39. Mimpi yang Nyata

34 18 0
                                    

"El, ini Shaula mantan pacar kamu yang itu, kan? Shaula, kamu pernah ke sini sebelumnya." Lyra melontarkan ucapannya. Gamma masih bergeming, apa lagi saat Lyra mengatakan bahwa Shaula dan Elio ada kata 'mantan pacar'.

Sedangkan dengan kedua remaja itu sendiri sama-sama belum membuka suara. Elio mengembuskan napasnya, menoleh pada sang Mama. Seolah, ia meng'iya'kan apa yang diucapkan Lyra memang benar adanya.

Shaula sendiri, entah mengapa ia merasakan rasa sesak menyeruak di dadanya. Ia ingin menangis.

"Shaula, Elio, kalian sudah saling kenal?" tanya Gamma.

Elio mengangguki pertanyaan tersebut.

"Jadi ini, maksud Ayah yang anak baru di sekolah aku? Elio? Kita satu kelas, bahkan," ujar Shaula.

"Aku senang. Ternyata Elio dan Tante Lyra. Bukan orang lain." Ketiga orang itu terkejut mendengarnya. Lain lagi dalam hati, sebenarnya Shaula tidak sepenuhnya senang, seperti yang dikatakan lewat ucapan. Shaula hanya tidak mau, Gamma berpikir yang tidak-tidak.

"Shaula," panggil Ayahnya.

Kini, Shaula tak merunduk lagi, netranya menatap orang-orang itu secara bergantian. "Nggak apa-apa, Yah. Mungkin memang udah jalan-Nya. Shaula terima, Shaula senang, selagi Ayah juga senang."

Lyra berdiri, berpindah tempat di samping Shaula. Wanita itu mengusap punggungnya, "Shaula, tante nggak nyangka. Dunia memang sempit, ya. Apa, kamu beneran terima? Nggak marah? Hubungan sama Elio baik-baik aja, kan?" Ia melirik putranya sebentar.

Meski kelu, Shaula tetap membalas ucapan Lyra, "Nggak mungkin Shaula nggak terima. Kalian semua orang baik, Shaula bersyukur."

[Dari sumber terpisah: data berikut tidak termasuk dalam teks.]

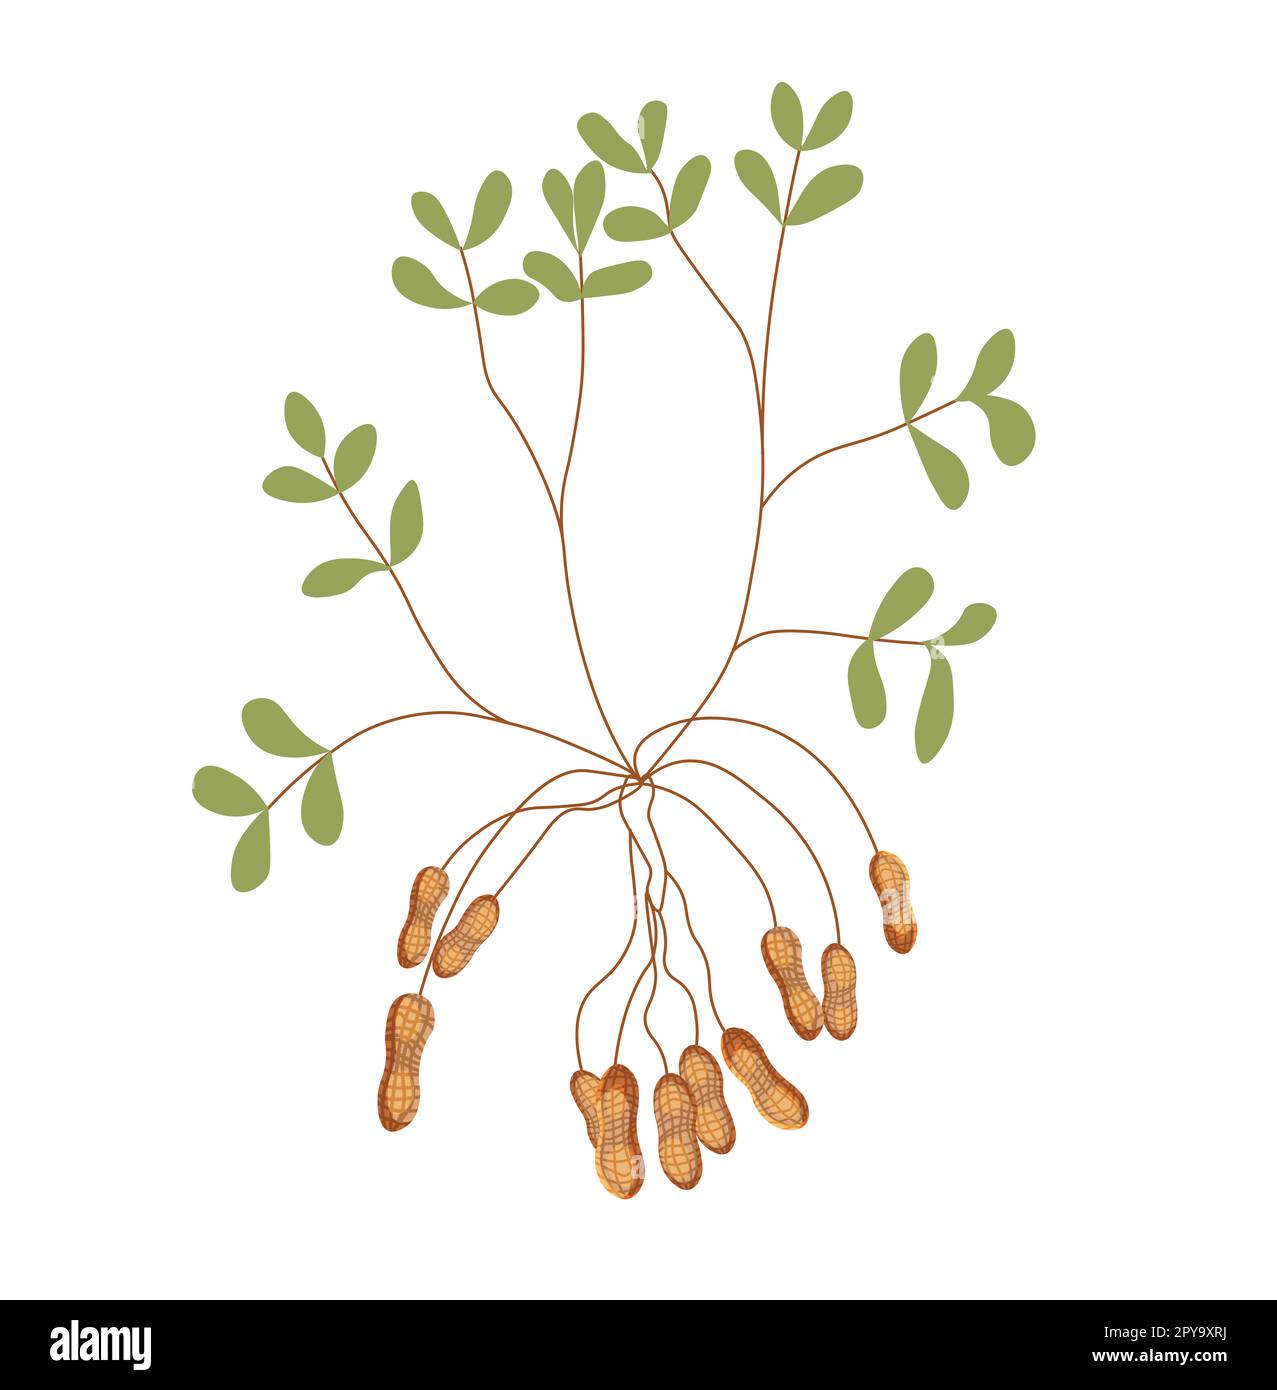 peanut plant life cycle

Senyum Lyra dan Gamma mengembang saat Shaula berkata demikian. Elio menatap Shaula ragu-ragu, sebelum akhirnya beranjak bangun guna mengantar Shaula ke kamar yang sudah di sediakan oleh sang Mama.

"Udah, sana, antar. Pasti Shaula capek, habis pulang sekolah, beres-beres langsung ke sini. Oh, iya, sekarang Shaula jangan panggil 'tante' lagi. Tapi, Mama, oke? Biar samaan seperti Elio." ujar Lyra panjang lebar.

"I-iya, Ma." Tiba-tiba saja Lyra memeluk tubuh kurus Shaula. Membuat gadis itu membeku.

"Sekarang kita, keluarga."

Sesampainya di lantai dua, Elio membukakan pintu kamar untuk Shaula. Kamar dengan cat warna putih yang masih sangat-sangat sepi. Belum ada pernak-pernik apa pun di dalamnya.

Shaula menghela napas, Elio ikut masuk sembari membawakan tas yang berisi barang-barang gadis itu. Sumpah, Elio ingin berucap, tetapi lidahnya terasa kelu.

"Sha, maaf." 

Shaula yang sudah duduk di tepi ranjang, mendongakkan kepala melihat Elio yang masih berdiri. Saat ini, Shaula tidak butuh apa-apa. Ia hanya ingin mengeluarkan segela kekesalan, bahagia, terkejut dan lainnya yang bercampur menjadi satu dalam tangisan.

Gadis itu terisak, tangannya meremat seprai yang tampaknya masih baru. Cairan bening lolos dari pelupuk matanya. Membasahi pipi yang terasa kering.

Elio dengan segala rasa simpatinya, mendekat dan ikut duduk di sebelah Shaula. Elio memegang kedua bahu Shaula, memutarnya agar berhadapan langsung.

Lagi, Elio mengatakan yang sama.

"Shaula, maaf...." 

"Lo nggak perlu minta maaf." Shaula mengedikkan bahunya guna menepis tangan Elio. Namun tidak bisa, karena cowok itu memegangnya lebih kuat.

"Maaf. Maaf karena gue nggak bilang ini dari awal."

"Lo nggak perlu minta maaf!" tegas Shaula, dengan suara yang lebih tinggi. Tetapi gelagat Elio sama sekali tidak panik, karena suara Shaula tidak akan terdengar sampai bawah.